Hello
I would like to improve the ‘ORG, PRODUCT, PERSON’ labels for the french model.
In the model (fr_core_news_sm) provided, there are only ‘ORG and PER’ and no PRODUCT.
So I need to create the PRODUCT label and improve others.
I went trough the “Improve a NER” example and several tutorials.
I began creating three patterns jsonl files (one for each label) using list of seed words.
After that, I concatenated the files into one pattern using
cat *.jsonl > all.jsonl
I created a global dataset using:
prodigy dataset my_great_fr_ds "My dataset"
After I extracted sentences that contains the seed words into a trainingset.jsonl file
What I plan to do:
Teach the model using:
prodigy ner.teach my_great_fr_ds fr_core_news_sm trainingset.json --patterns all.jsonl
After that, train the model using:
prodigy ner.batch-train my_great_fr_ds fr_core_news_sm --output my_model --label "ORG, PRODUCT,PERSON" --eval-split 0.2 --n-iter 10 --batch-size 8
And continue the teach phase and retrain several time to improve the model.

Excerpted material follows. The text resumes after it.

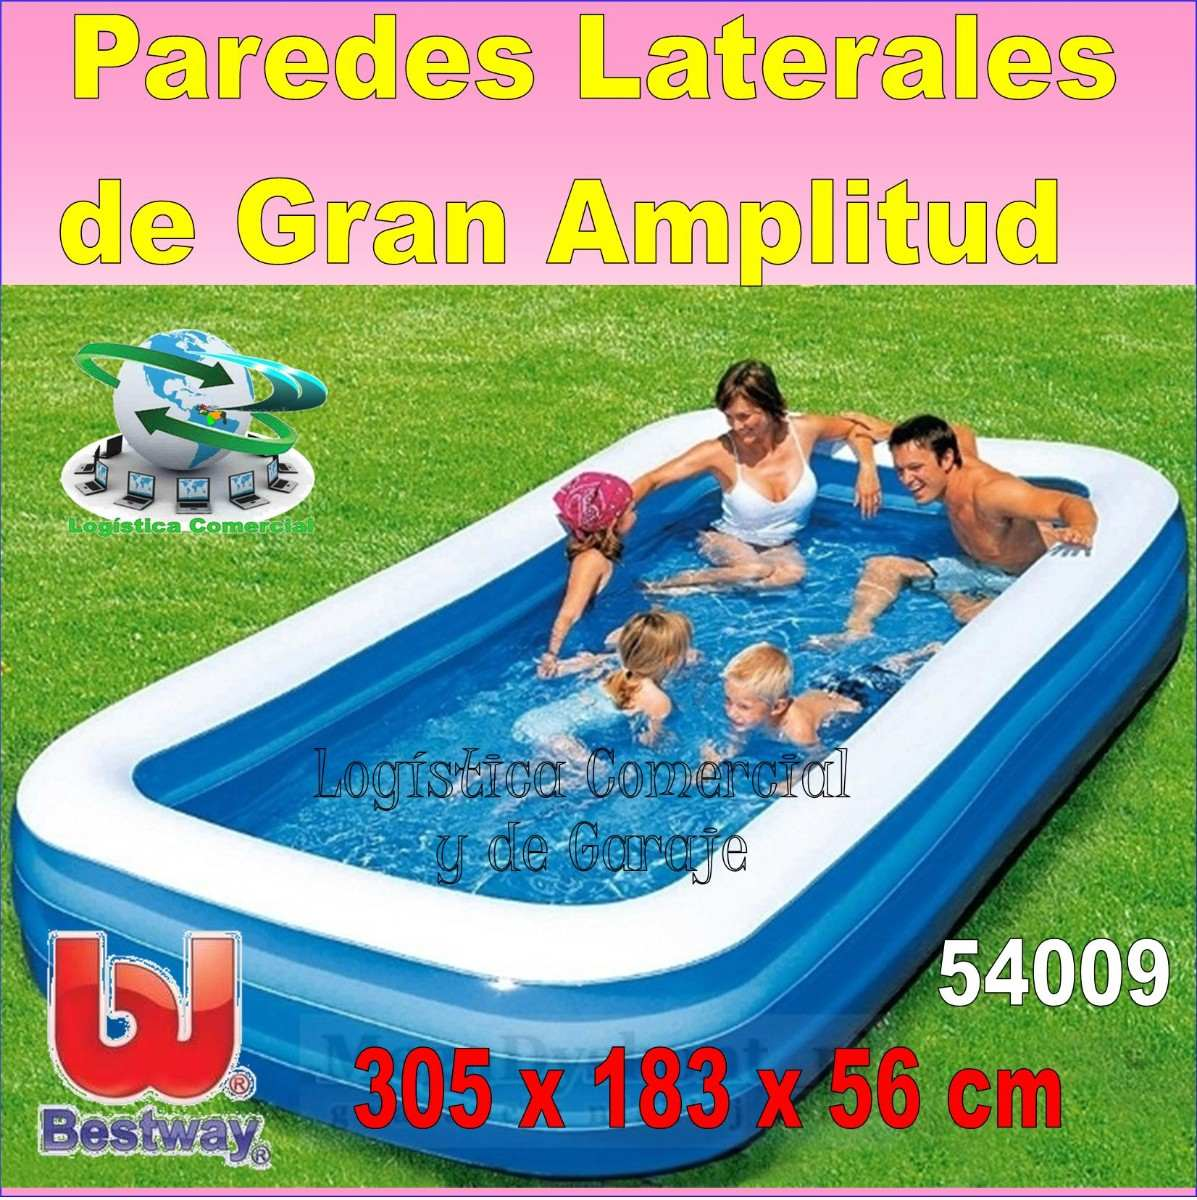 Piscina familiar rectangular 3anillos bestway 305x183x56cm bs en mercado libre - Piscine in plastica ...

Is this the best way to proceed ? Do I need to split the teaching part in 3 separate datasets (one for ORG, one for PRODUCT and one for PERSON) ? If yes, how do I merge them for the final training ?
I already trained on one label (ORG) but I’m afraid that if I don’t do PRODUCT and PERSON too before the training, the model will not be good for those 3 labels.
Do I need to teach using several batches (ie 1000 sentences per batch) and retrain the model with those batches and compare if it improves ?
Thanks for your help